Page 1 of 1

Error in parallelization with differents # of processors

Posted: Fri Oct 03, 2014 6:09 pm
by jmonsa13
Hello,
I'm trying to simulate the operating condition of a gas oven. The simulation process went well until I tried to use several processors for parallelization. When I use 12 processors, the simulation stops at 1176 iterations with the following error message:

SIGTERM signal (termination) received.
--> computation interrupted by environment.
Call stack:
1: 0x7f543f2f01e0 <opal_progress+0x50> (libmpi.so.1)
2: 0x7f543f23df75 <ompi_request_default_wait_all+0x145> (libmpi.so.1)
3: 0x7f543abf965e <ompi_coll_tuned_sendrecv_actual+0x10e> (mca_coll_tuned.so)
4: 0x7f543ac019aa <ompi_coll_tuned_barrier_intra_bruck+0x9a> (mca_coll_tuned.so)
5: 0x7f543f24b1c2 <PMPI_Barrier+0x72> (libmpi.so.1)
6: 0x7f544024e63d <cs_halo_sync_var_strided+0x78d> (libsaturne.so.0)
7: 0x7f54403e9e52 <+0x25ee52> (libsaturne.so.0)
8: 0x7f54403ee3db <cgdvec_+0x3db> (libsaturne.so.0)
9: 0x7f54404327e9 <grdvec_+0x189> (libsaturne.so.0)
10: 0x7f5440515106 <vissst_+0x246> (libsaturne.so.0)
11: 0x7f54402f6840 <phyvar_+0x1060> (libsaturne.so.0)
12: 0x7f5440324d39 <tridim_+0xe91> (libsaturne.so.0)
13: 0x7f544020b6cd <caltri_+0x27e9> (libsaturne.so.0)
14: 0x7f54401e3725 <cs_run+0xa55> (libsaturne.so.0)
15: 0x7f54401e3885 <main+0x155> (libsaturne.so.0)
16: 0x3fa801ed1d <__libc_start_main+0xfd> (libc.so.6)
17: 0x400809 <> (cs_solver)
End of stack

But when I use 8 processors, the simulation stops at 1428 iterations with the same error message. Also my simulation reach the 2000 iterations if only is used one processor. Somebody knows why the reasons of this behavior when differents numbers of processors are used?

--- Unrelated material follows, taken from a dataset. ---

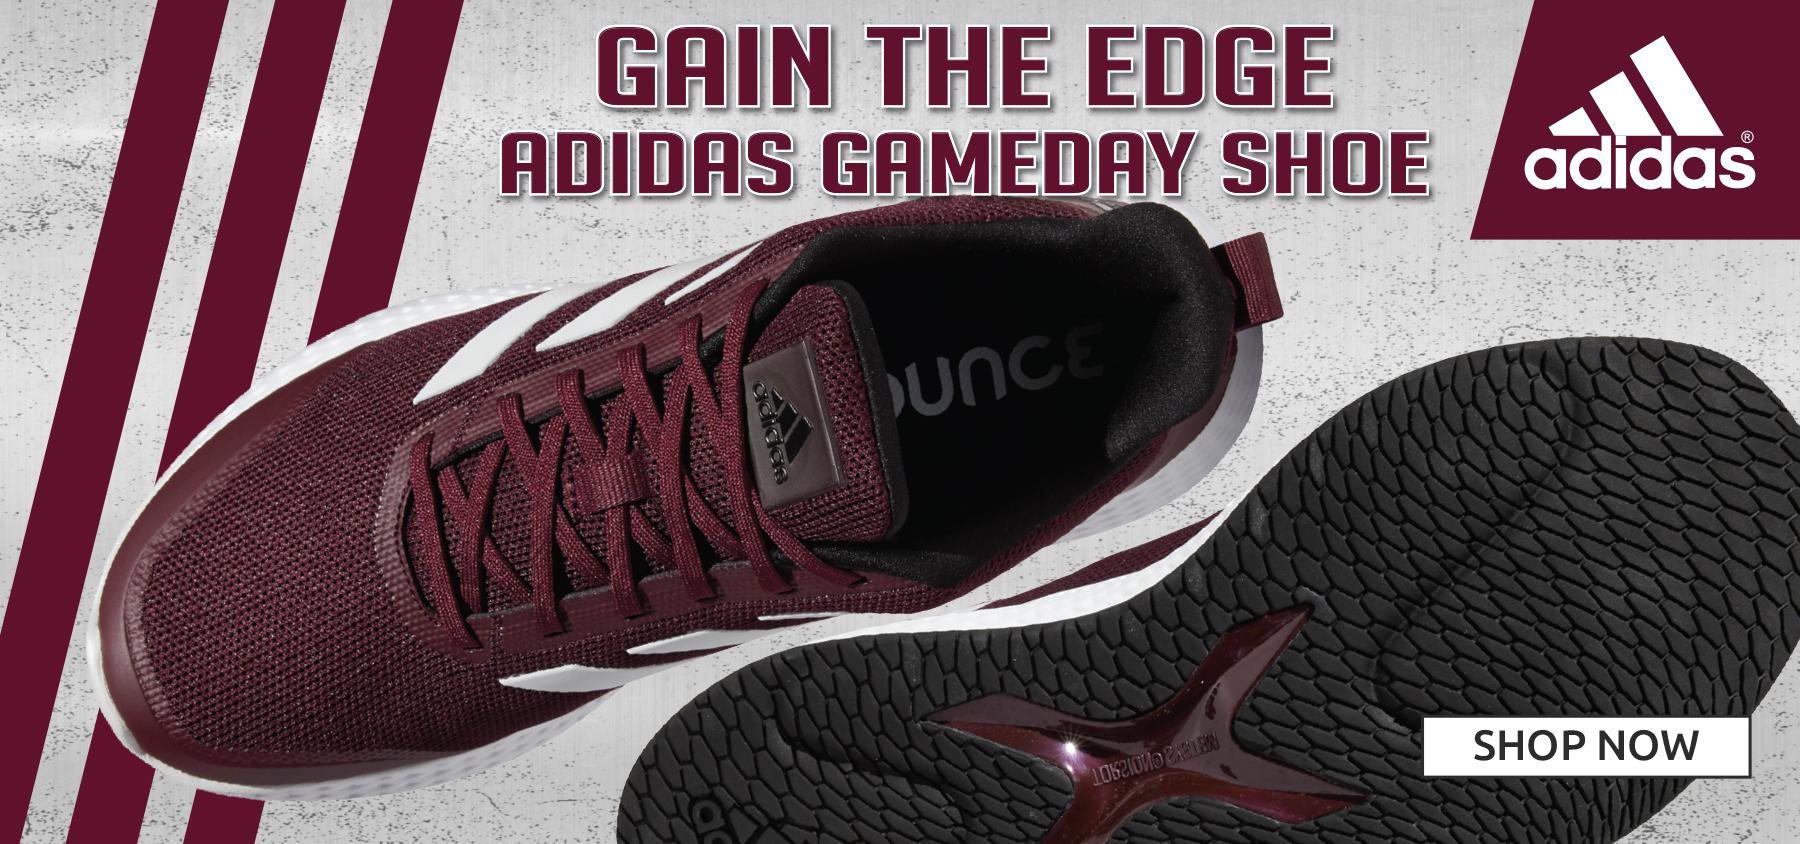 Maroon Adidas shoes

Code_Saturne was compiled using openmpi-1.6.5.I already tried to compile CS with another openmpi library (1.4.3), but the results are the same. I don't know what can be the problem. Any help or comments would be appreciated

My version of Code_Saturne is 3.0.5.

Regards,

Juan Felipe Monsalvo

Re: Error in parallelization with differents # of processors

Posted: Sat Oct 04, 2014 6:49 pm
by Yvan Fournier
Hello,

Could you post your mesh ? If you have any user subroutines, could you post them too ?

It appears both cases crash when computing physical properties, due to a floating point error. Looking at your xml file, and your listing, I assume the temperature goes down for some reason (look at its evolution on the time step prior to the crash) and you have a division by zero for the density, but it might be something else.

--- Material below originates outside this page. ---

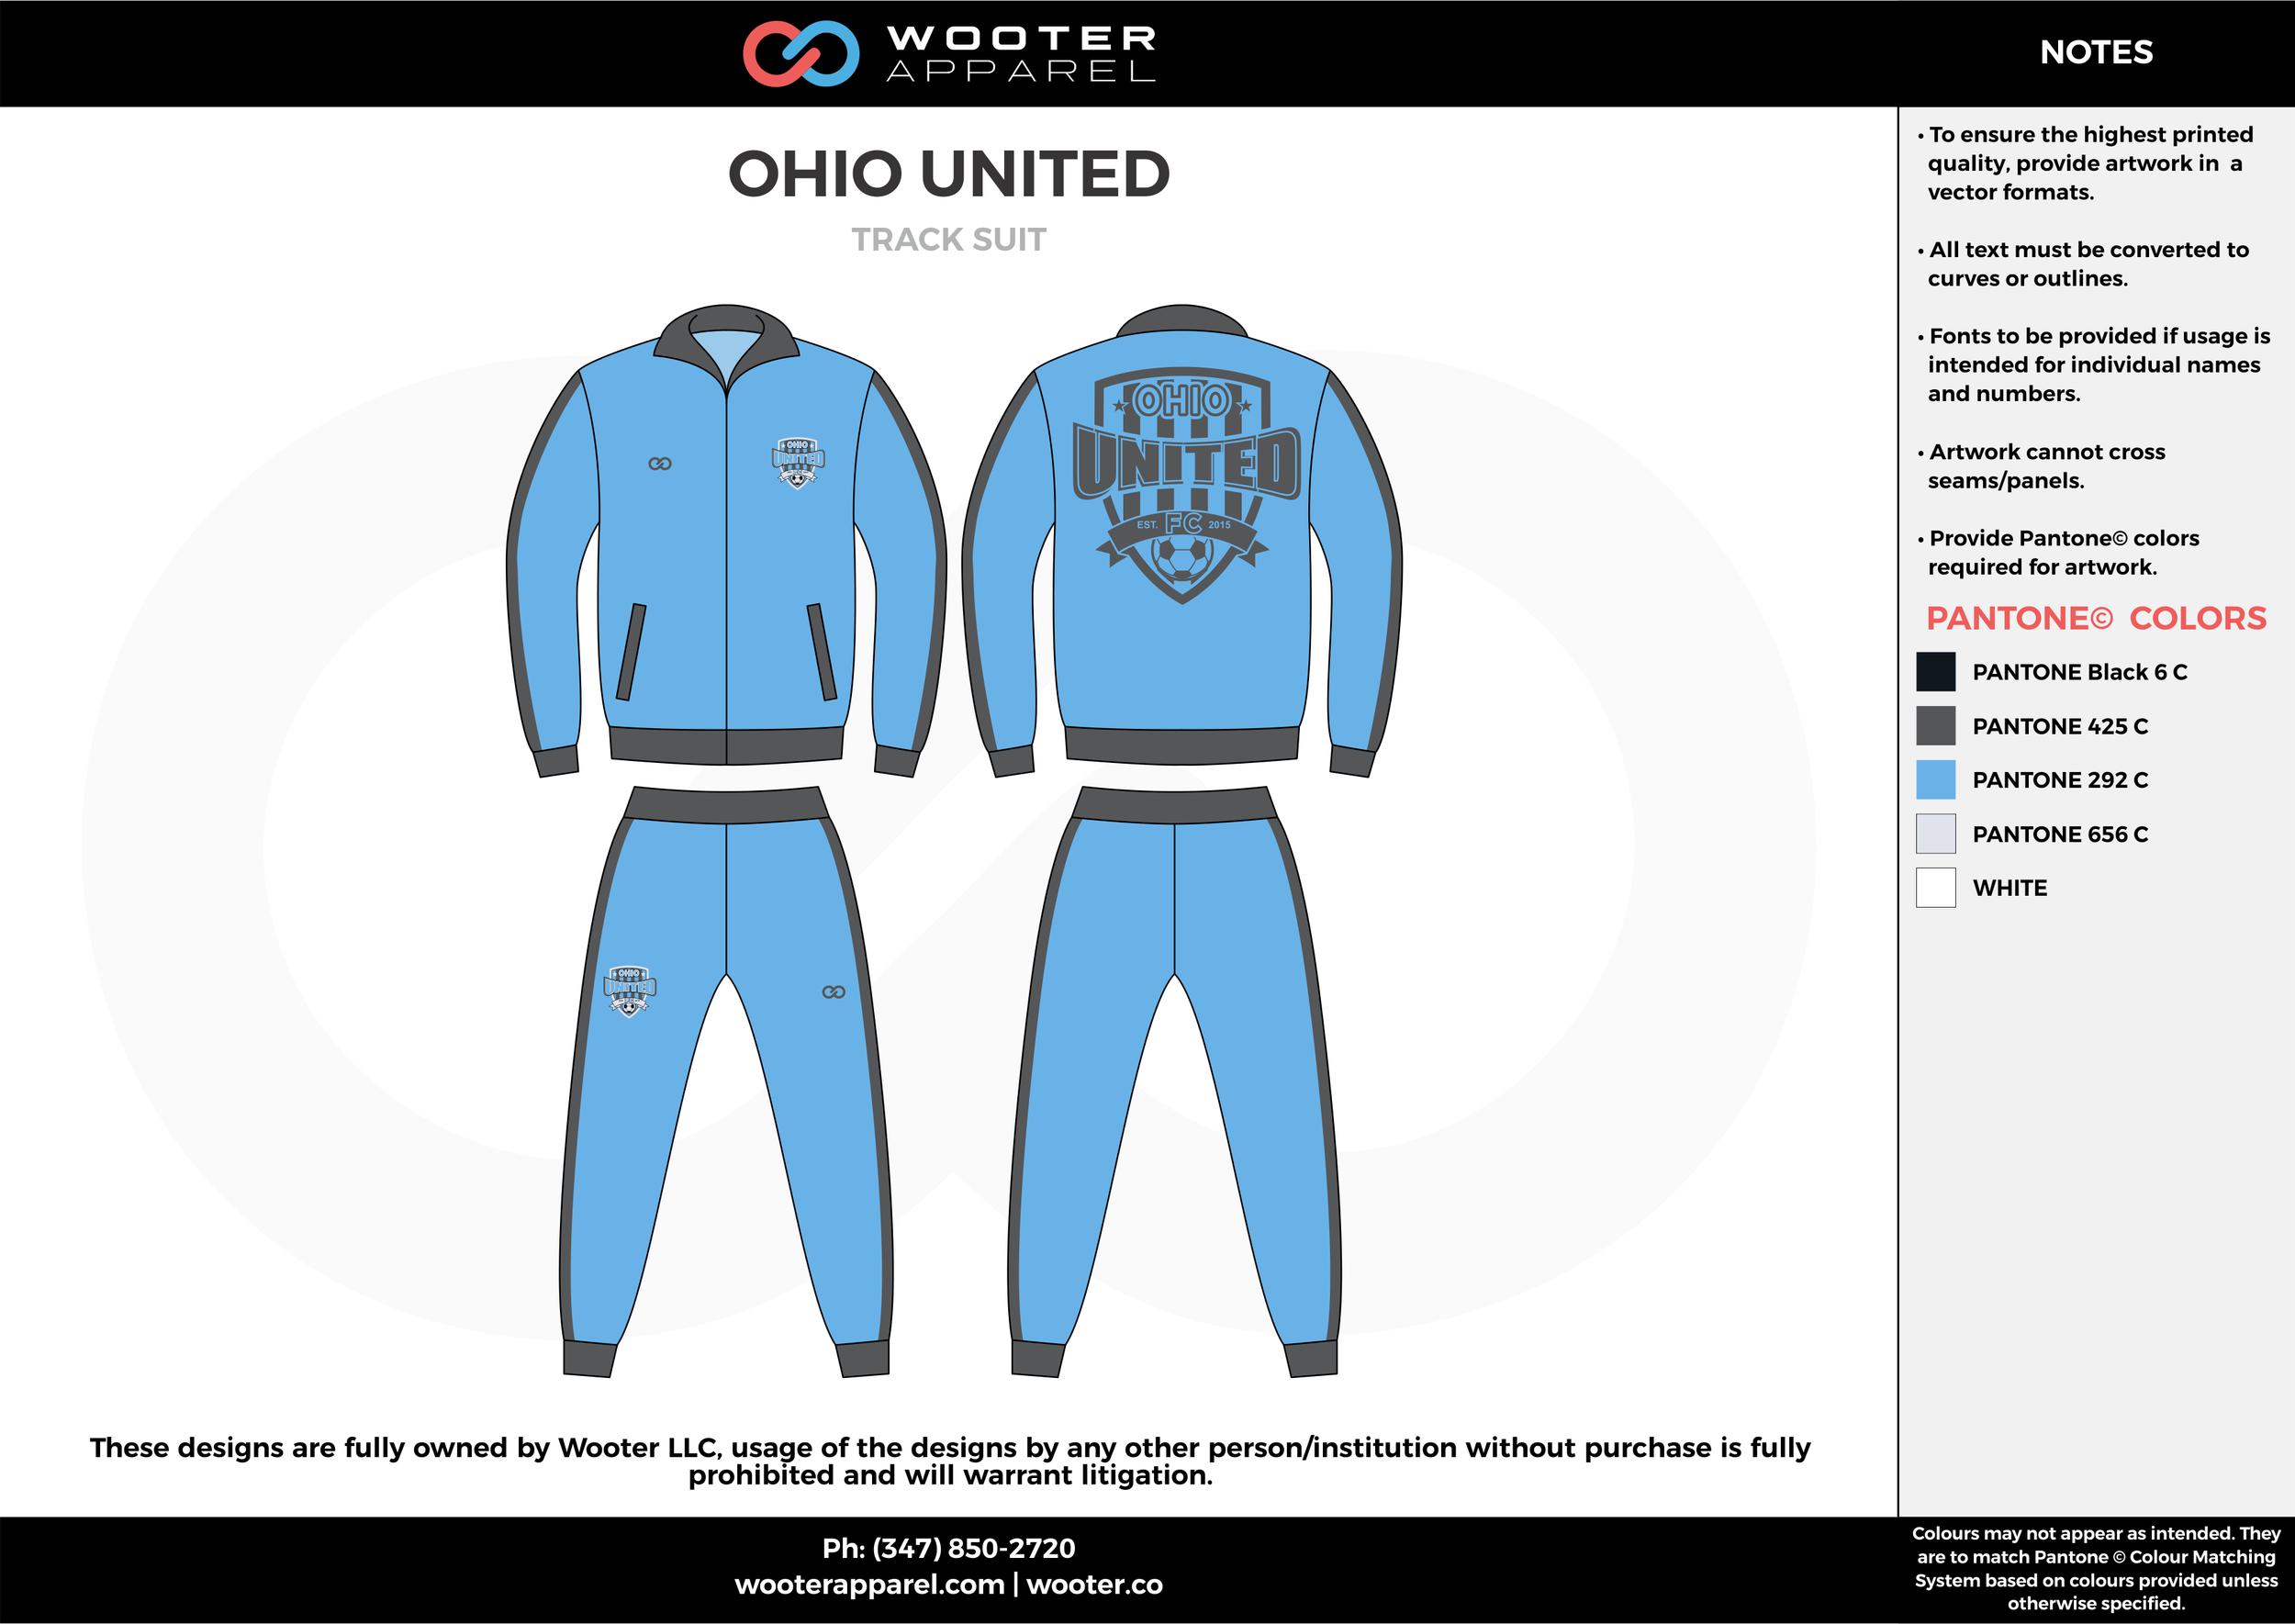 OHIO UNITED blue gray custom sublimated soccer uniform jersey track suit

Also, you max CFL is a bit high, so reducing the time step a bit might be a good idea, but I doubt this is directly the size of the crash.

If your results are very unsteady, the issue might be related to your mesh or time step, and not be a parallelism bug, but a robustness issue. If they are rather steady, it is probably a bug.
With your mesh, I should be able to reproduce the issue, and either provide recommendations, or if it is a bug, fix it.

Regards,

Yvan

Re: Error in parallelization with differents # of processors

Posted: Sat Oct 04, 2014 8:19 pm
by jmonsa13
Thank Yvan Fournier for your answer and interest in my problem.

I don't use any user subroutine. The mesh is too big to get attached here. So, You could use this link to download the mesh.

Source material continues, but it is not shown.